So, full first, then incremental 1, incremental 2, etc.


----------



## ahgu (Aug 10, 2015)

I want to create a backup script and don't quite understand how to recover from the incremental. 
The question is do I recover the 0 first and then 1, then 2, 3,4,5?

Or is restore smart enough to know the 0 if I just restore the 5?





tetragir said:


> Hi,
> 
> Welcome to the forums. Unfortunately you missed out a few important parts from your question. Could you please clarify the following? These help us understand better ypour problem and also you get an answer much sooner if you include all relevant information.
> - What is the program you are using for backup?
> ...


----------



## wblock@ (Aug 10, 2015)

restore(8) can only restore what is in a dump file.  dump(8) controls what is in those files.  So first you would have to restore the full version, then all the incrementals up to the point desired.

I strongly recommend full (level 0) rather than incremental backups.  Incremental backups drastically increase the complexity of restores.  Right when you need to restore a file is when it gets really complicated, and you also have to hope that none of those incremental backups have problems.  The only advantage of incremental backups is that they take less space.


----------



## ANOKNUSA (Aug 10, 2015)

ahgu said:


> The question is do I recover the 0 first and then 1, then 2, 3,4,5?

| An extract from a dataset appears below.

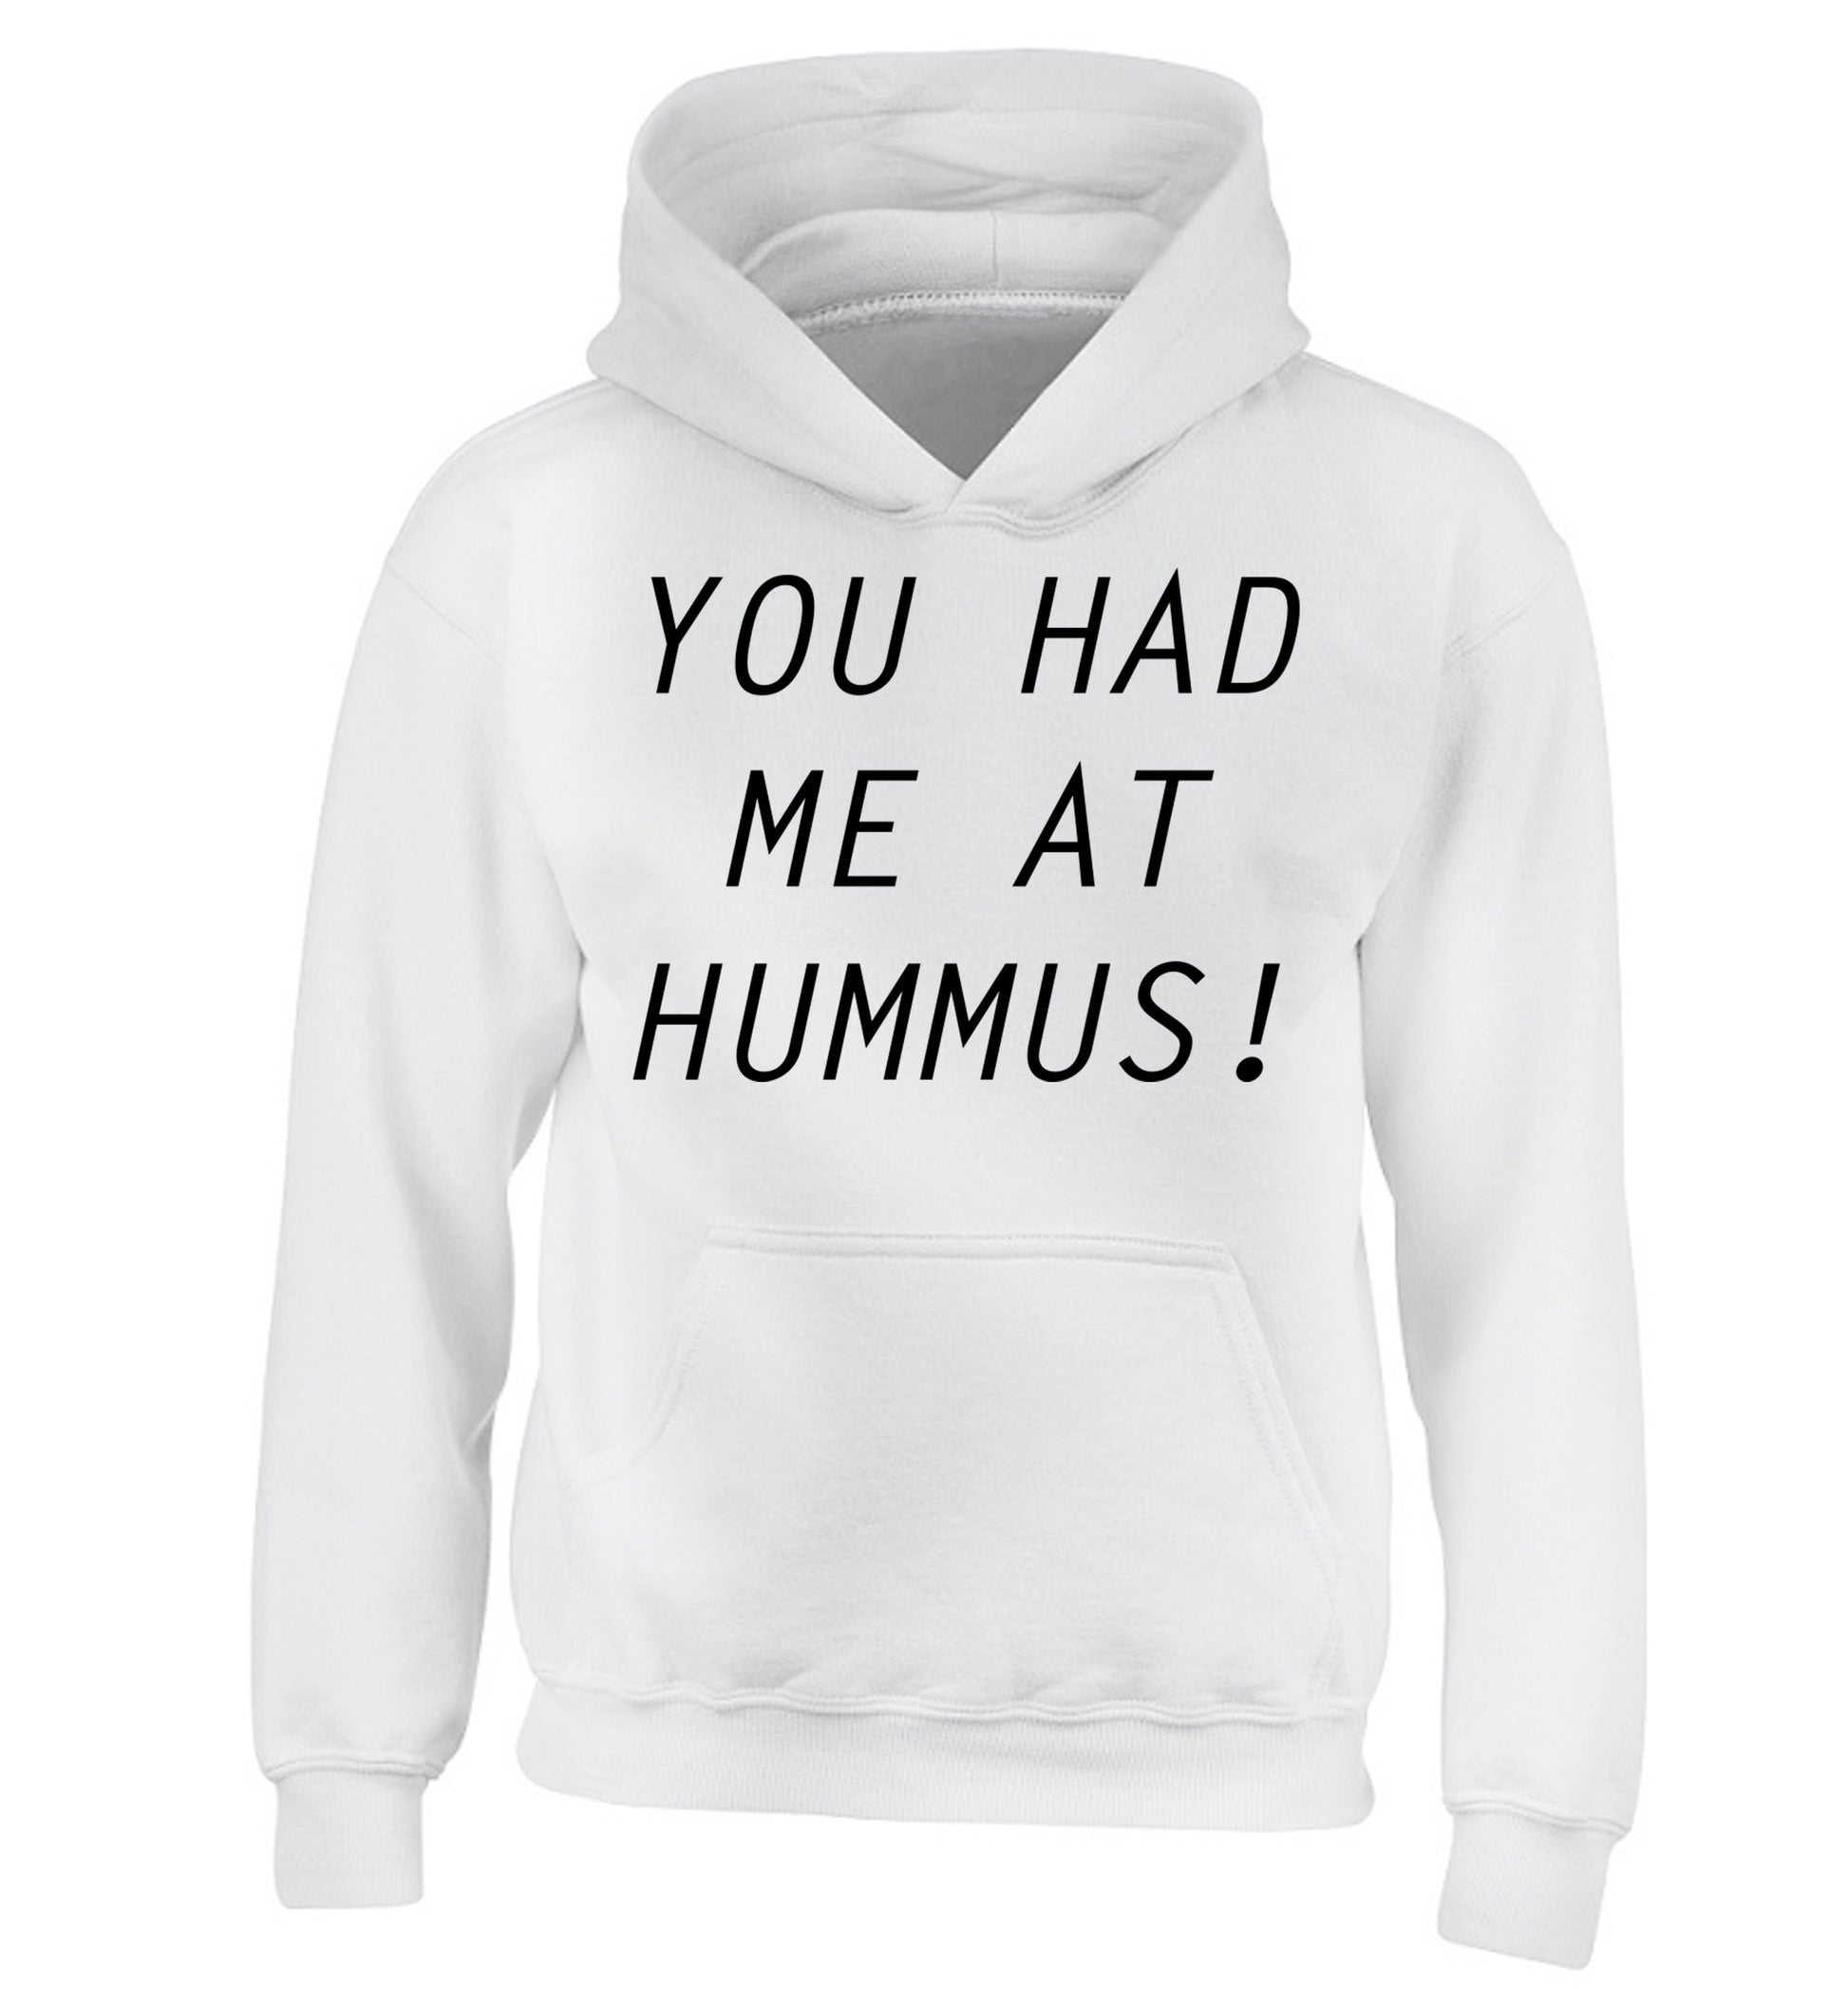 You had me at hummus children's white hoodie 12-14 Years

Yes. If possible, though, I recommend following what wblock@ suggested. One of the limitations of dump(8) is that it only backs up individual filesystems, so if you have, say, 3 partitions you back up incrementally each day, then in the course of one week you'll wind up with 21 dump archives, all containing different files. Even if you only have a single partition, the 7 dump files would still have different content. Keeping track of them or searching for a singe file would quickly become a pain.


----------